We moved further down the main road to what was one of the most heart-rending sights of misery I have ever seen – 75 families of the Parkari Kohli tribe, all Hindus, and living in a space beside a river, which was the fifth place they had been moved to. The St. Elizabeth Hospital team is negotiating with a local landowner to buy four acres of land nearby, around which they will build a wall and have the land use transferred from agricultural to urban, from his name to that of a building society that they must form. The 75 families will move on to the site and Yaqoob will begin building the houses, which will be elevated about two feet above the ground to protect against flooding. Because construction costs have more than doubled in the past few months, even after receiving all the money they have been promised, there will only be enough for about 40 houses.

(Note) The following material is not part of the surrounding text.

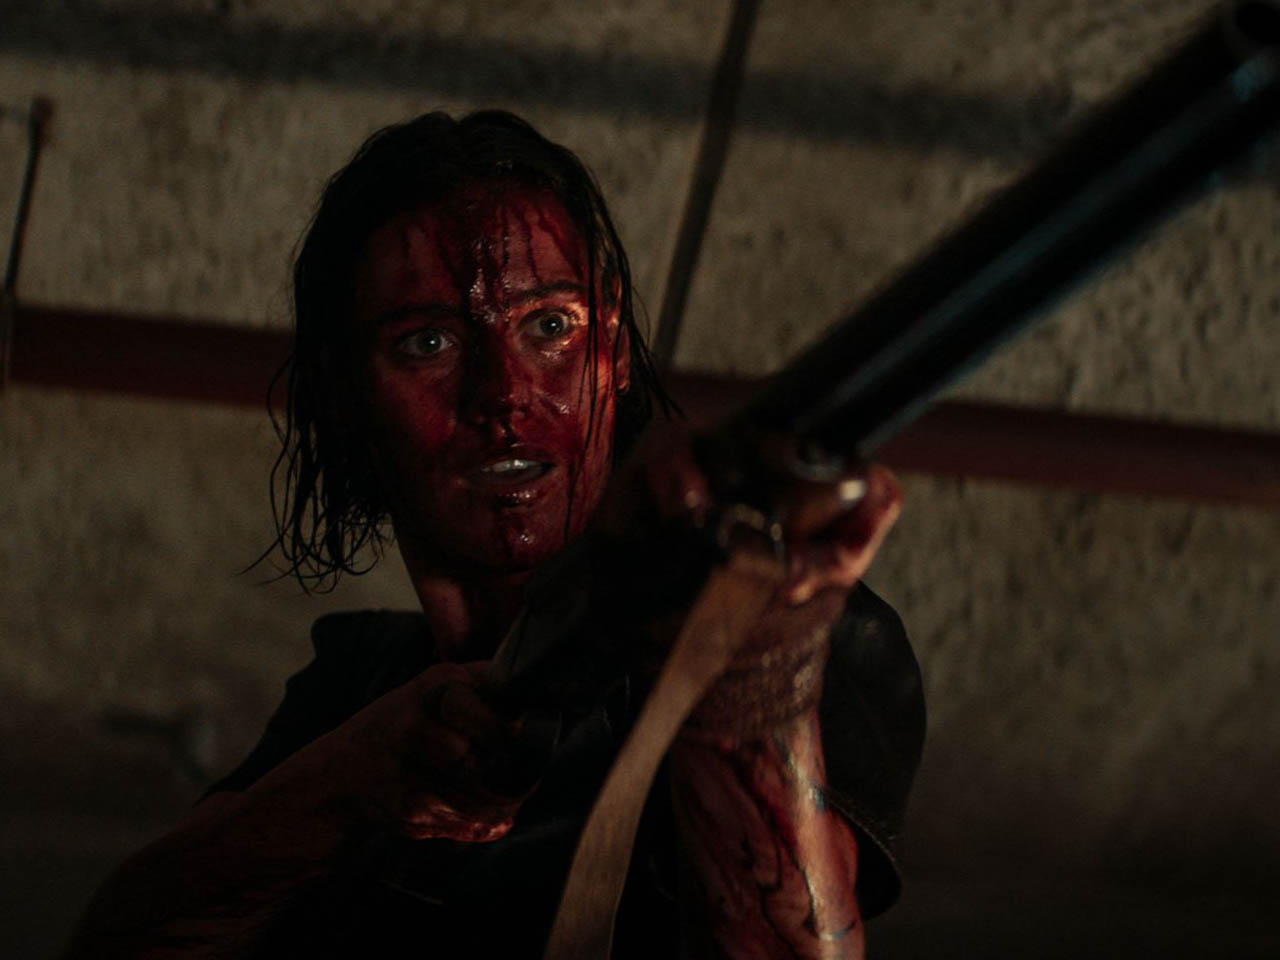 Watch Trailer For 'Evil Dead Rise' In Theaters Friday, April 21st

The cost of purchasing the four acres of land is about $6,889.00, of transferring its use from agricultural to urban use $787.00, of building one house $1,2790.00, of building one toilet block $394.00 (one toilet block serves three houses). The hospital outreach team takes on this kind of project in the context of its program of preventive medicine.
I was introduced to Reshma, the head woman who has been active in finding a solution to her people’s housing. Like Ama, Reshma was gracious and kind in her welcome. We went from shelter to shelter photographing family members posing in front of their temporary dwelling. I don’t think they realized that I was using a telescopic lens, and they had a great laugh at the expressions on some of the faces when I showed them the photos on the digital camera display. No doubt they saw me as one more big shot from officialdom doing what has to be done to help their dream of a home come true. These people may be slight of build but most of those I saw were gaunt not slight. Needless to say, their children have no chance to attend school. Our last stop was a Sindhi Muslim village with 46 families. They too gave us a warm welcome but, for the most part, the residents were busy about the business of the day; we arrived there just after noon. The head man, Ali Buksh, walked us around his village, Burfat, and obviously knew Aamir quite well. Every Saturday he travels to one of a number of villages with the hospital mobile medical team (including a doctor). In Burfat, Yaqoob proudly showed us the finished houses that he had built, and one family posed in front of their house for us. Life is clearly hard for the residents of this village too, but they do have stability even though most of their children don’t go to school either.
We returned to Hyderabad, and my hosts invited me to a meal at an air-conditioned restaurant that serves very good Pakistani food.